Zack Snyder n’est pas un cinéaste connu pour sa réalisation fine et subtile. Au contraire, le cinéaste adore multiplier les effets les plus grossiers et il adore faire dans l’esbroufe. Il l’avait déjà prouvé auparavant, en particulier dans 300 qui était déjà un film extrêmement esthétisant et visuellement très travaillé, mais il va encore plus loin, beaucoup plus loin dans Sucker Punch. Le film commence très fort avec une introduction à la noirceur extrême et qui accumule les clichés à un degré que l’on ne pensait pas possible et qui aurait été ridicule chez tous les autres réalisateurs. Zack Snyder filme comme une caricature de clip musical, sauf que cette séquence dure longtemps et elle n’est que l’introduction à des plans qui vont si loin que l’on peine parfois à croire ce que l’on voit à l’écran. Le clou du spectacle est certainement le combat dans la Première Guerre mondiale qui multiplie les idées, les plans, les effets… c’est bluffant. Parmi les effets de prédilection du cinéaste, on retrouve bien entendu un nombre incalculable de ralentis qui se muent parfois en bullet time à la Matrix. Les travellings sont omniprésents, la caméra voltige, tombe d’en haut, multiplie les gros plans, modifie sa vitesse constamment… Zack Snyder n’arrête jamais et le résultat est souvent impressionnant. Certes, tout cela n’a rien d’original et cette manière de chercher à impressionner en permanence est fatigante, mais il faut bien avouer que le résultat est à la hauteur de ses ambitions.
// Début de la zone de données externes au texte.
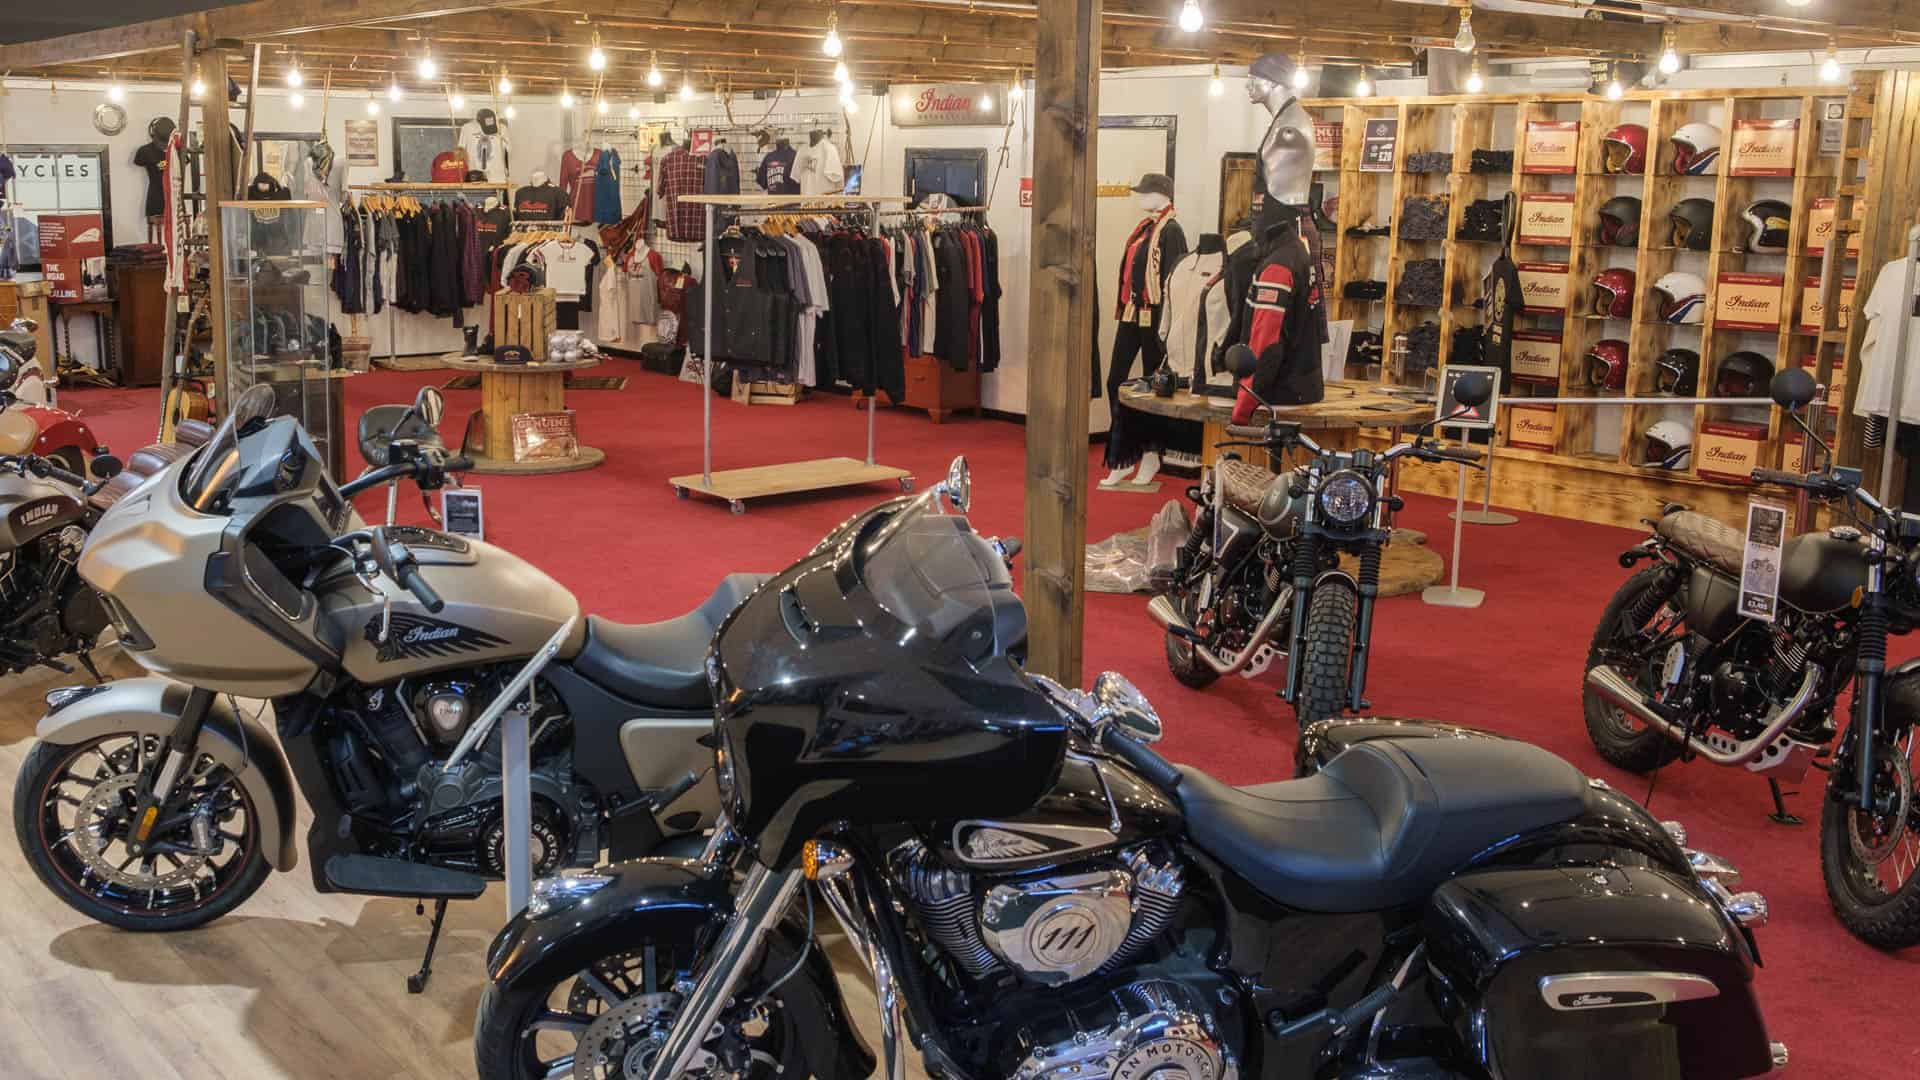 shop full of motorcycle clothing and motorcycles on display

Techniquement, Sucker Punch est une réussite indéniable, avec un soin extrême apporté autant aux cadres qu’à la photographie. C’est du cinéma clinquant, certes, mais du cinéma clinquant réussi.
Sucker Punch est un film tellement exubérant qu’il en devient fatiguant, exténuant même. Zack Snyder en fait des tonnes en permanence, tant à l’écran que pour son scénario, concentré d’idées et de genres qui n’ont rien à voir. À la longue, le spectacle devient presque pénible, d’autant que le son est vraiment trop fort et on est bien content de quitter (enfin) la salle et de retrouver la tranquillité du monde réel. Ce défaut est sans doute aussi la plus grande qualité de Sucker Punch. Le film donne l’impression d’être l’œuvre d’un gamin qui aurait voulu montrer tous ses jouets, sans la moindre exception. Zack Snyder s’est manifestement fait plaisir en choisissant… de ne pas choisir et en mettant absolument toutes ses idées en action. Ce cinéma de l’extrême, ce côté jusqu’au-boutiste est également plaisant, à condition toutefois d’adhérer à un univers du n’importe quoi. Personnellement, j’ai trouvé le film très fun, très plaisant. C’est une expérience à voir au cinéma parce que, qu’on se le dise, Sucker Punch en met plein la vue et les oreilles, pour notre plus grand plaisir.